Document Control and Quality Management:

• Review, approve, and maintain Standard Operating Procedures (SOPs), Work Instructions, and other quality-related documents to ensure compliance with internal procedures and external regulatory requirements.
• Lead and coordinate change control processes, ensuring proper documentation and regulatory compliance during changes to processes, materials, and equipment.
• Review and approve Deviation Reports, OOS/OOT Reports, and related investigations to ensure all findings are accurately documented, addressed, and corrective actions implemented.

Compliance Monitoring:

• Ensure continuous compliance with applicable standards, including ISO 13485, ISO 15378, MDSAP, and other relevant regulatory requirements.
• Oversee the management of cleanroom compliance, ensuring adherence to GMP (Good Manufacturing Practices) and environmental monitoring protocols.
• Conduct regular internal audits to assess adherence to QMS standards, identify gaps, and implement corrective/preventive actions.

Management Representative (MR) Role:

• Act as the primary point of contact for the management review of quality management system activities.
• Coordinate and lead QMS-related activities for audits, CAPAs (Corrective and Preventive Actions), and internal and external assessments.
• Ensure effective communication between top management and operational teams on quality assurance matters, escalating issues and providing timely solutions.
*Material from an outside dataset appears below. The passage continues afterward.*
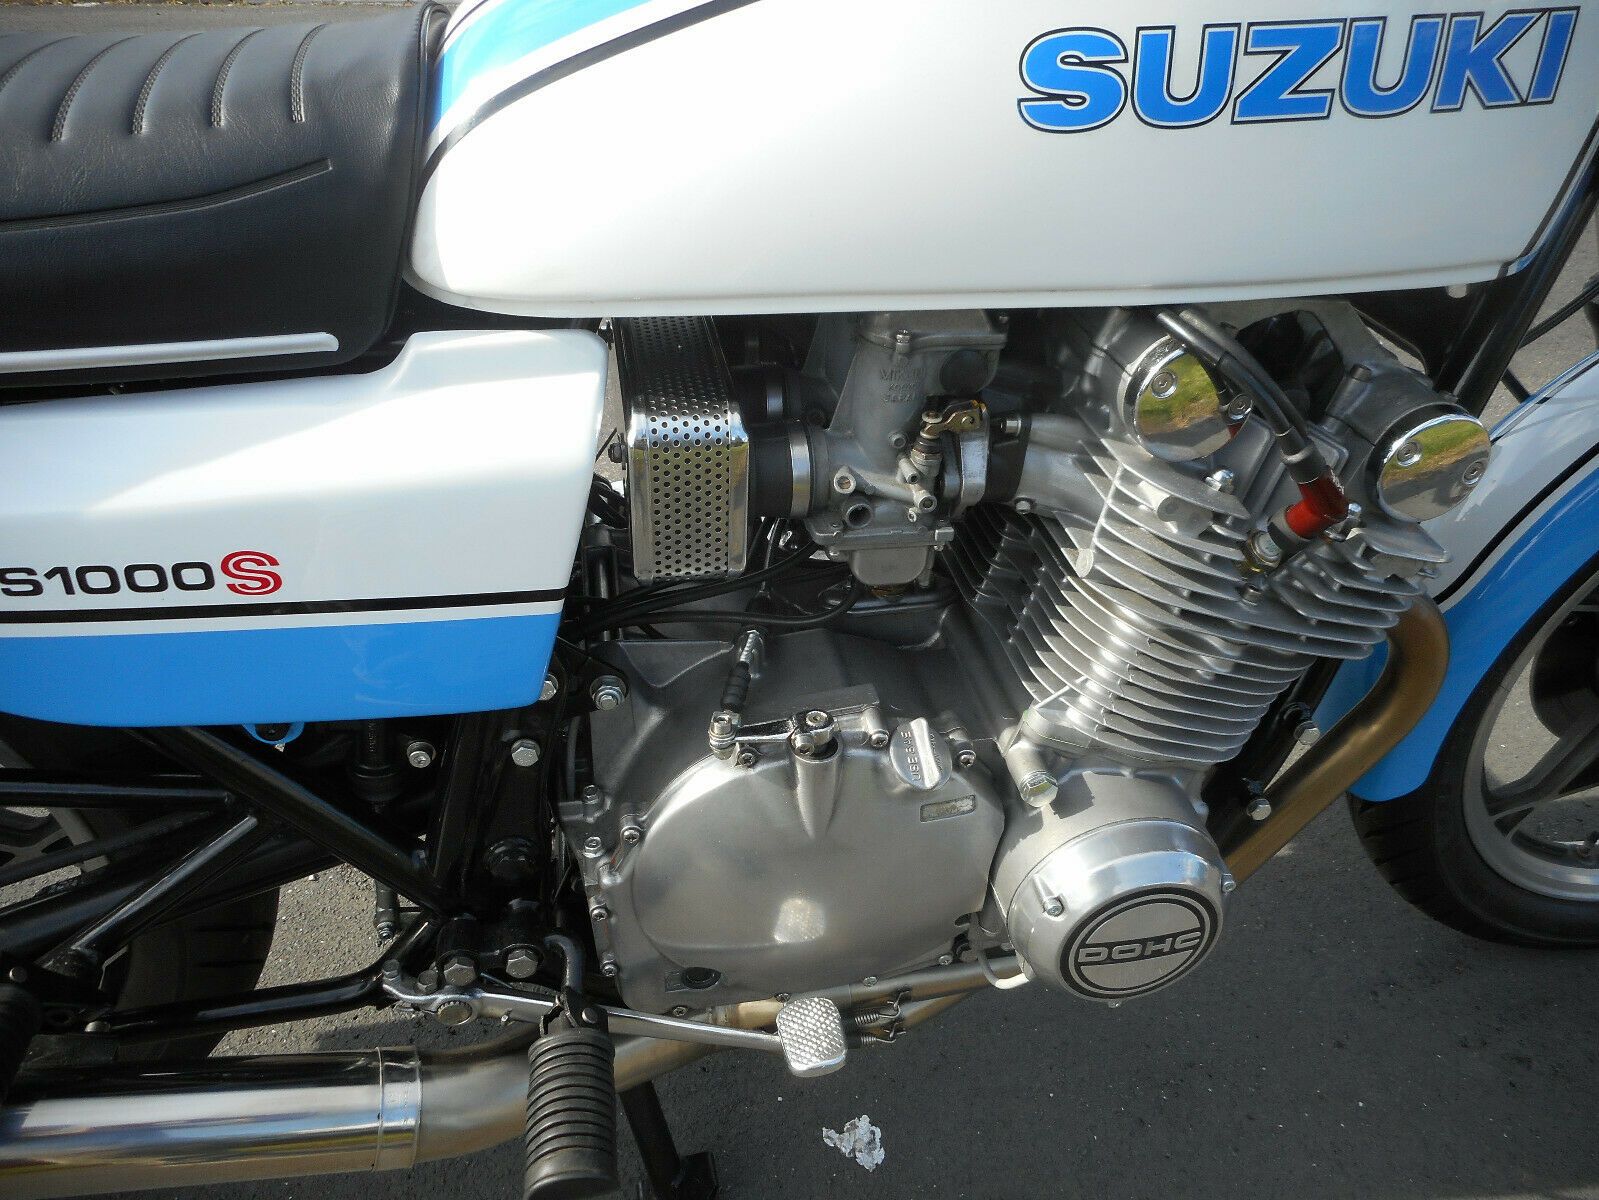 Ride side static photo of a Suzuki GS 1000 S engine
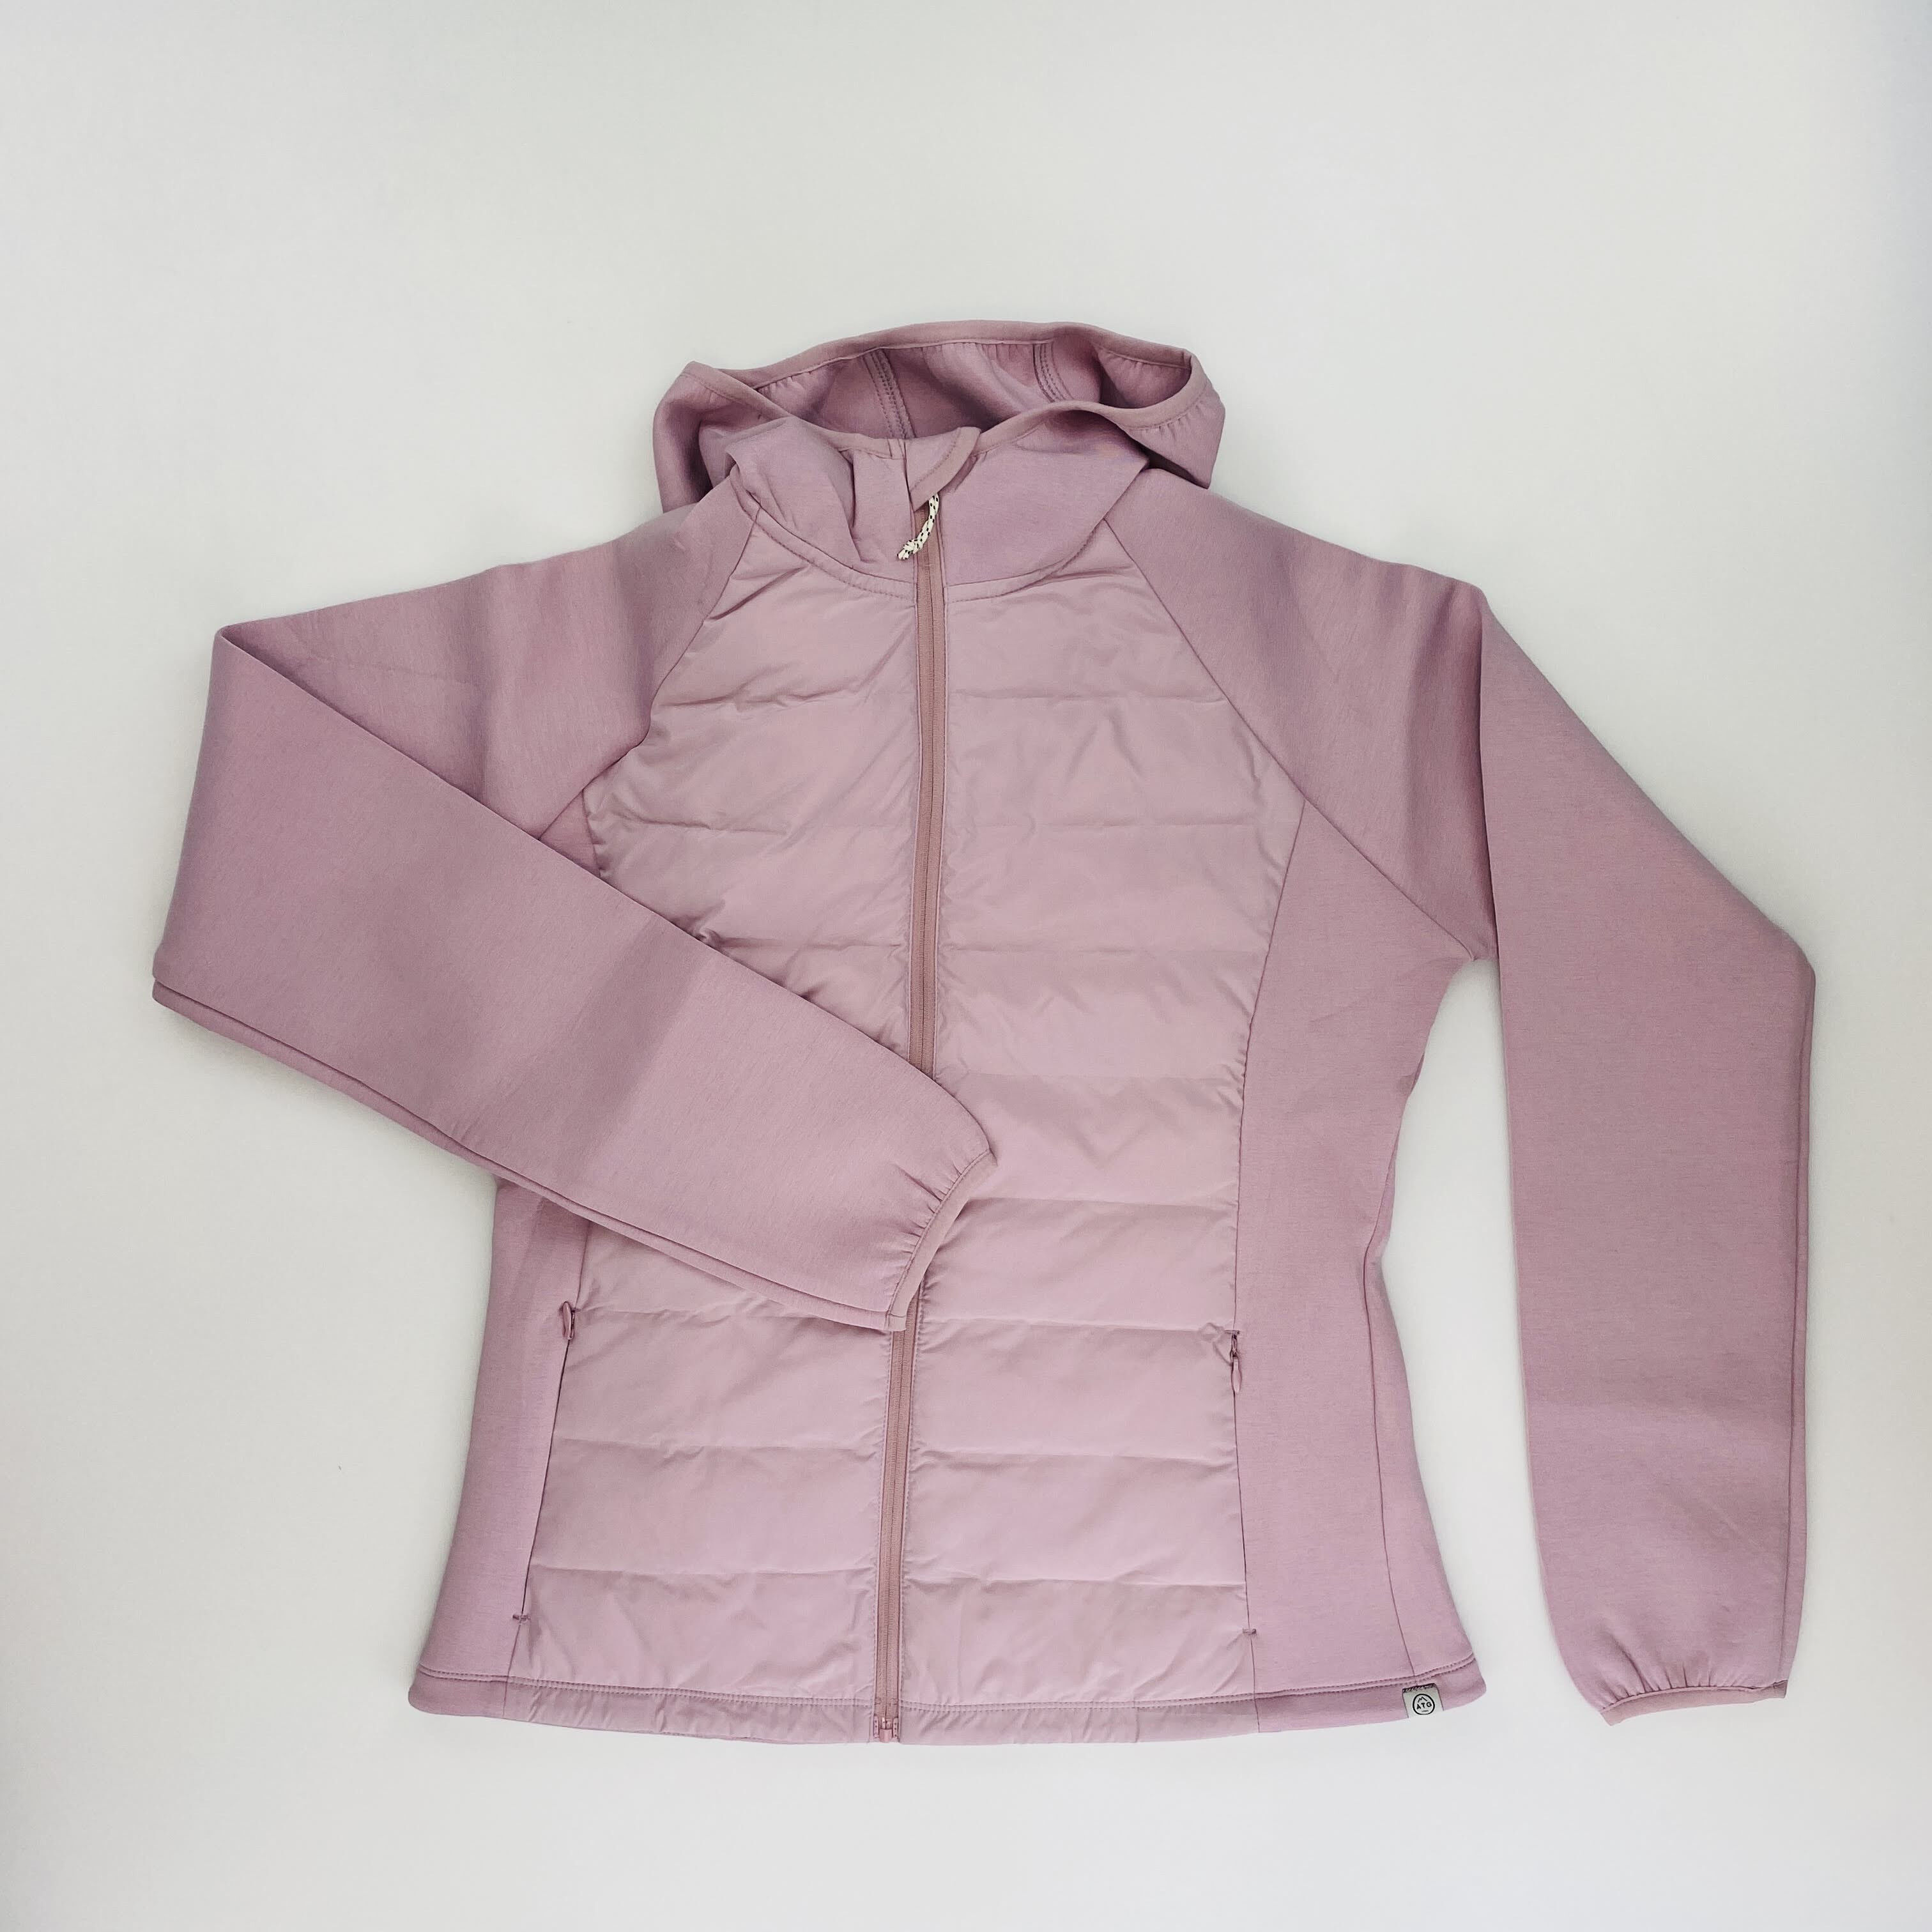 Wrangler Athletic Hybrid Jacket - Second Hand Synthetic jacket - Women's - Pink - S | Hardloop

Customer Interaction and Query Response:

• Act as a liaison between the company and customers for quality-related inquiries, complaints, and documentation requests.
• Review and provide timely and accurate responses to customer queries, ensuring proper root cause analysis and corrective actions are communicated.

Qualification and Validation:

• Review and approve Qualification Protocols and Reports (including IQ, OQ, PQ) for equipment, processes, and systems.
• Ensure that qualification and validation activities align with both regulatory requirements and company policies.

Training and Development:

• Provide guidance and support to junior team members and employees regarding QMS requirements, SOPs, and quality assurance processes.

Identify training needs and participate in the development and delivery of quality management and compliance-related training programs.

Preferred candidate profile

• In-depth knowledge of ISO 13485, ISO 15378, MDSAP, and other relevant regulations.
• Thorough understanding of quality management systems (QMS), Good Manufacturing Practices (GMP), and industry standards.
• Experience with cleanroom compliance, environmental monitoring, and GMP documentation.
• Familiarity with handling customer complaints, regulatory inspections, and audit processes.